* _TASK DESCRIPTION_: What's needed is an exact copy of the lines from the one that contains "Pregnancy tests, delivered" to the end of the data below, leaving the pictures out.

BEGIN DATA EXTRACT

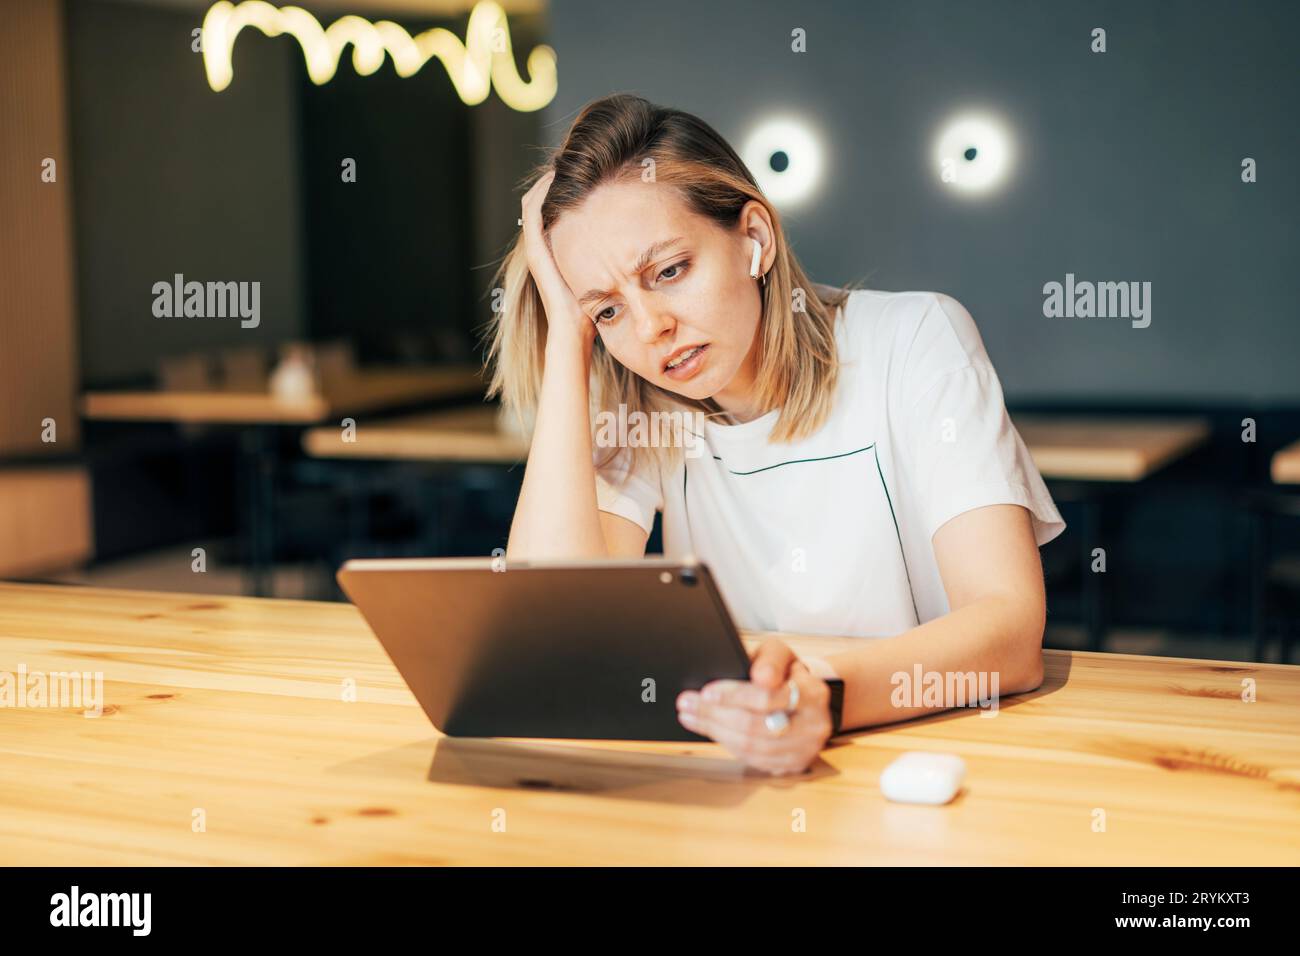 Verärgert stressige Frau schaut auf den Bildschirm eines digitalen Tablets. Enttäuschung am Arbeitsplatz Stockfoto
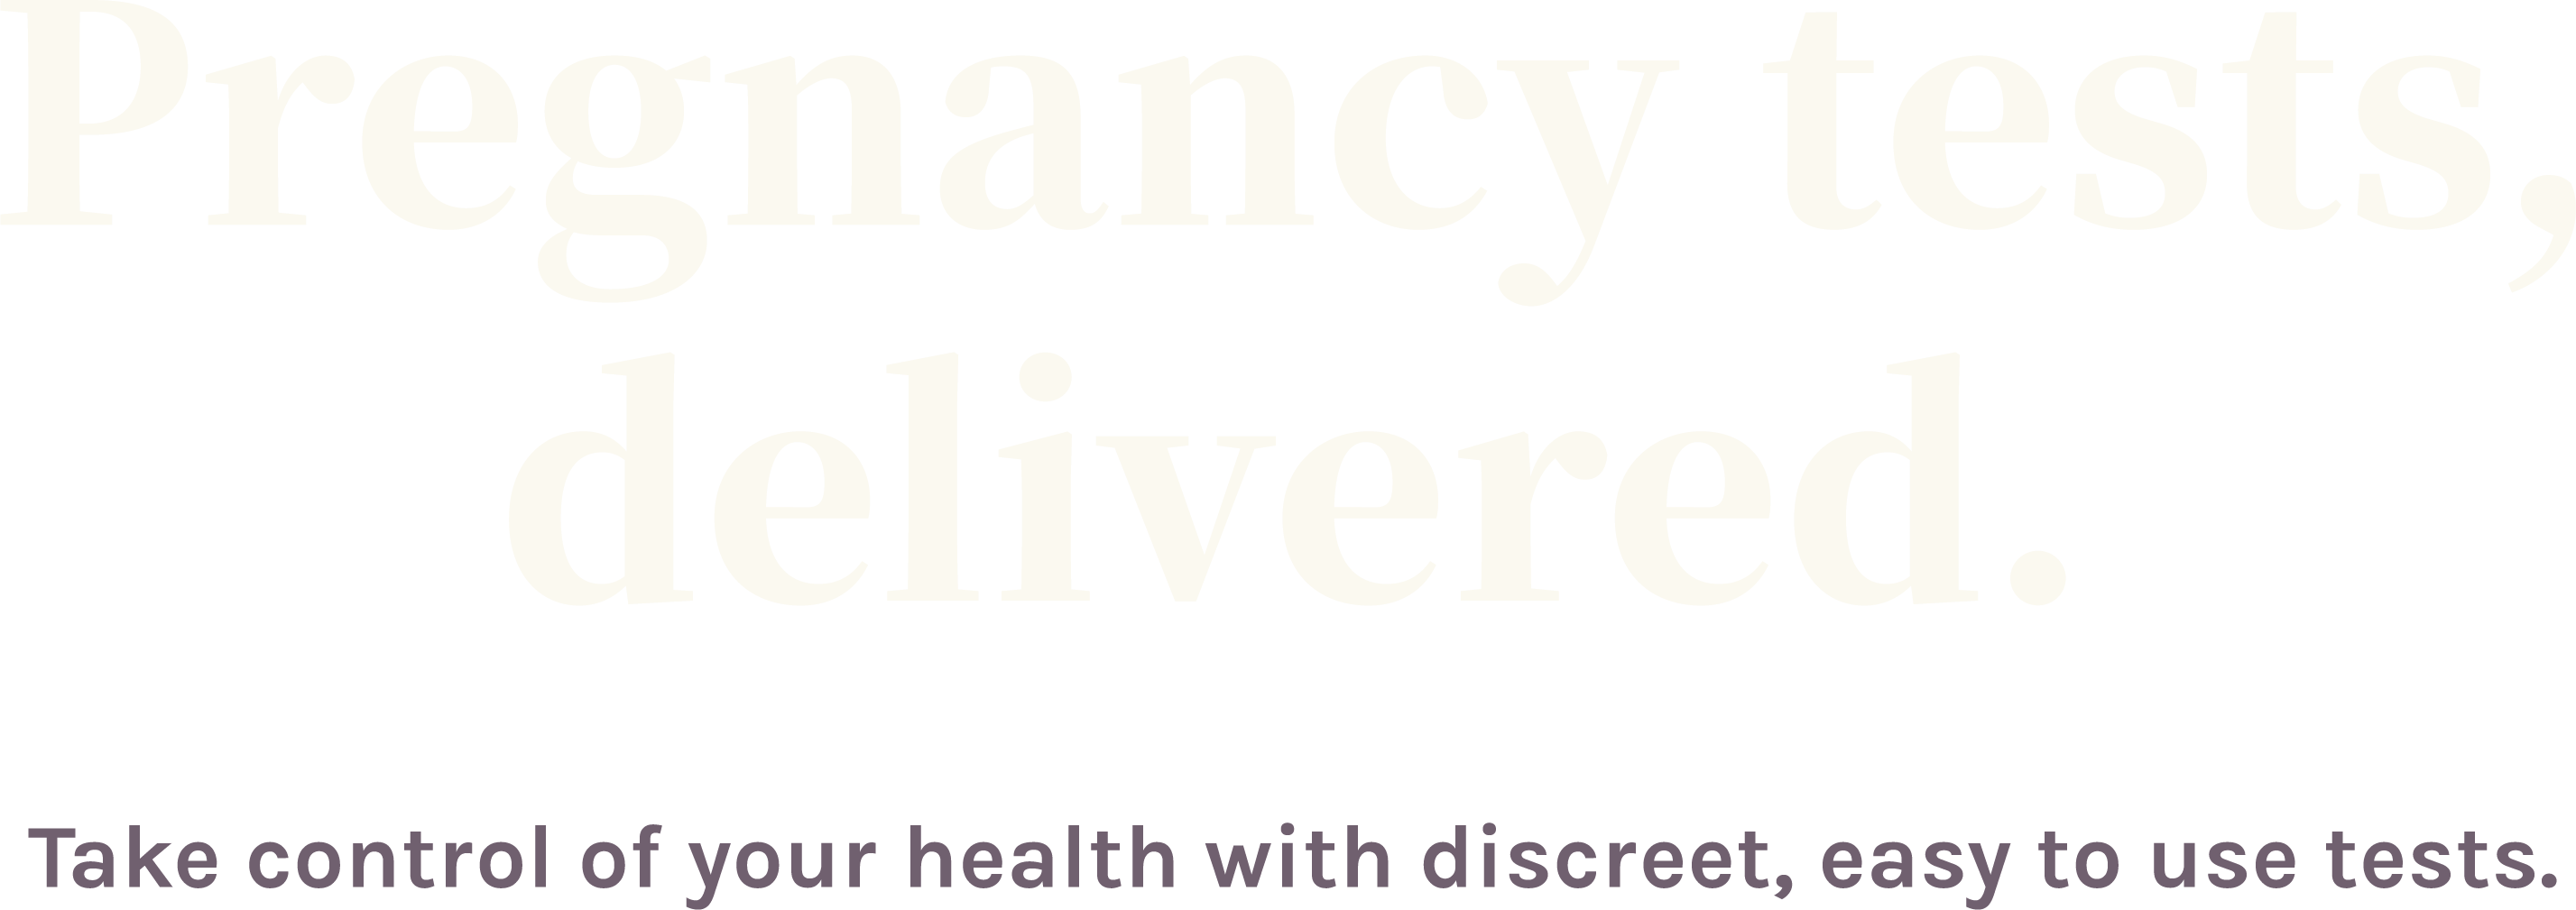 Pregnancy tests, delivered
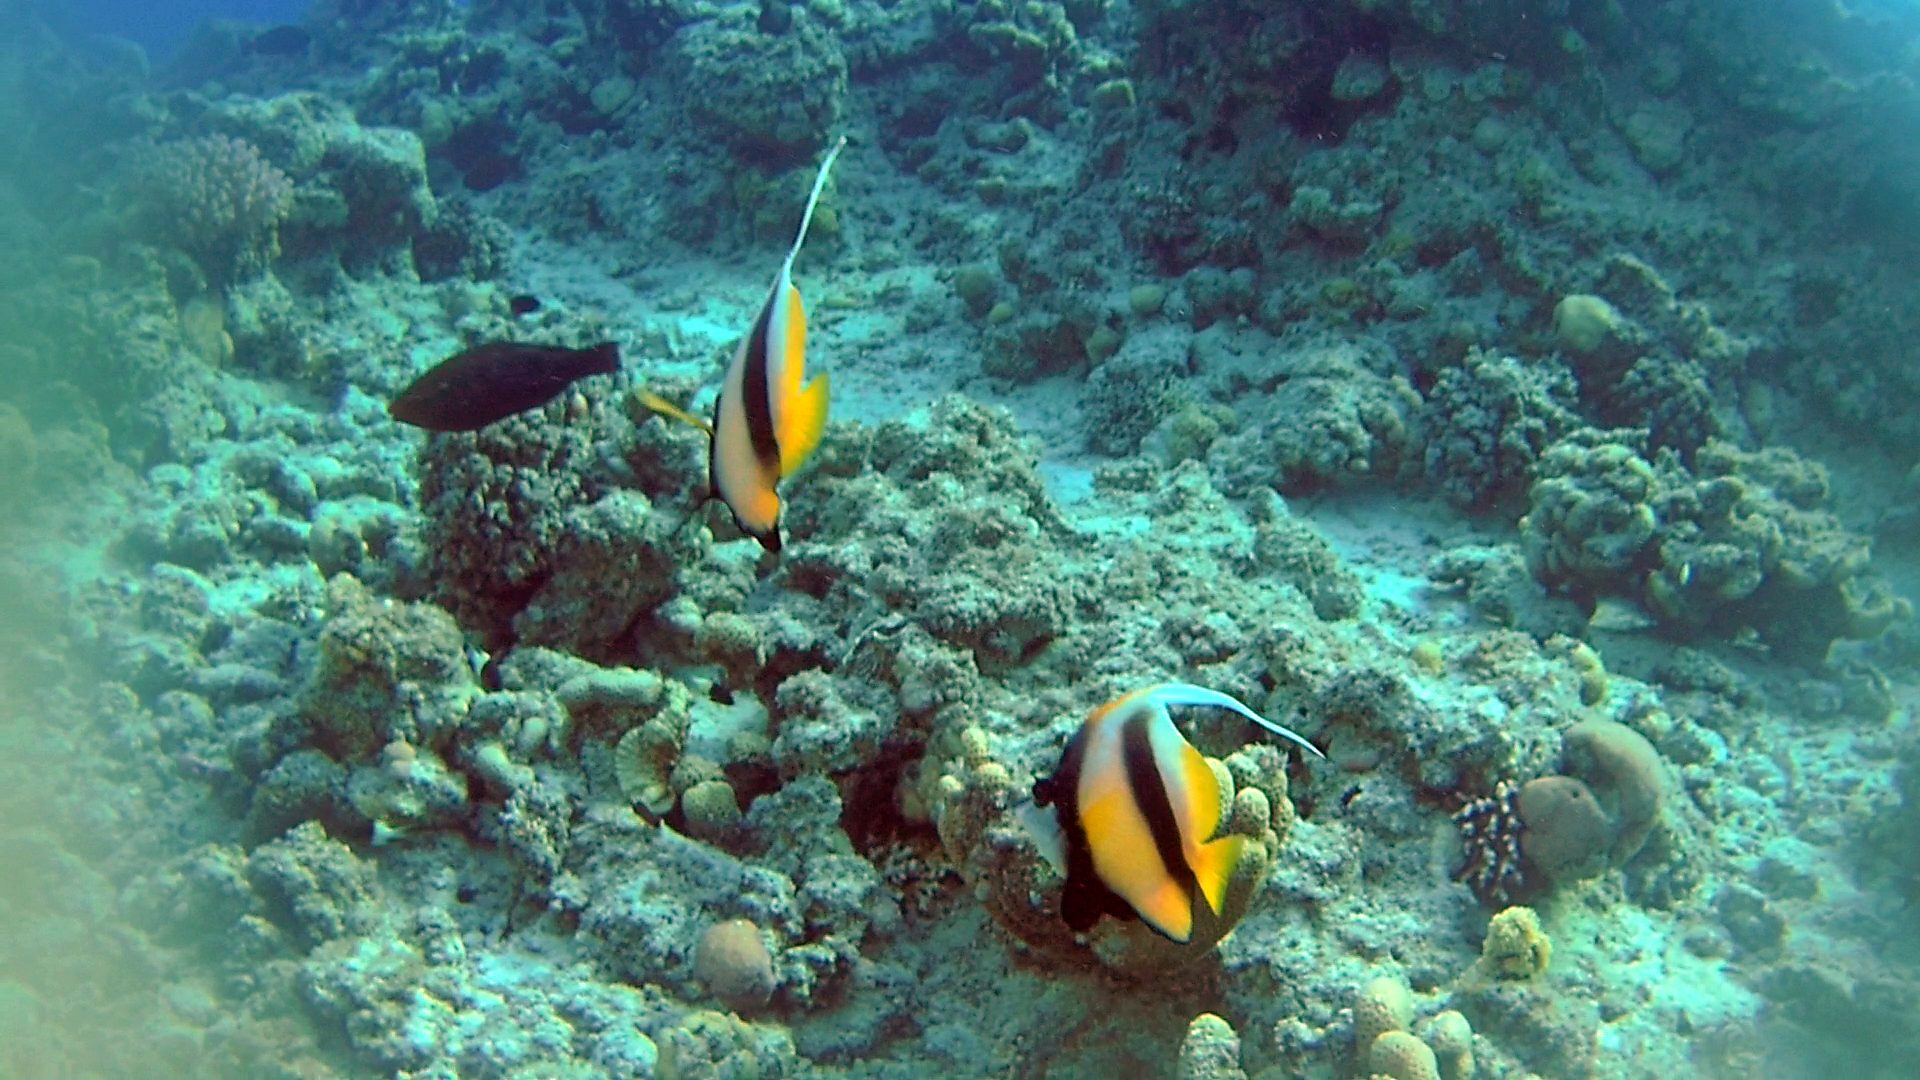 Il Pesce Farfalla Bandiera del Mar Rosso - The Red Sea Bannerfish - Heniochus intermedius - intotheblue.it

END DATA EXTRACT

* _SOLUTION FOR THIS TASK_:
 Pregnancy tests, delivered
 Il Pesce Farfalla Bandiera del Mar Rosso - The Red Sea Bannerfish - Heniochus intermedius - intotheblue.it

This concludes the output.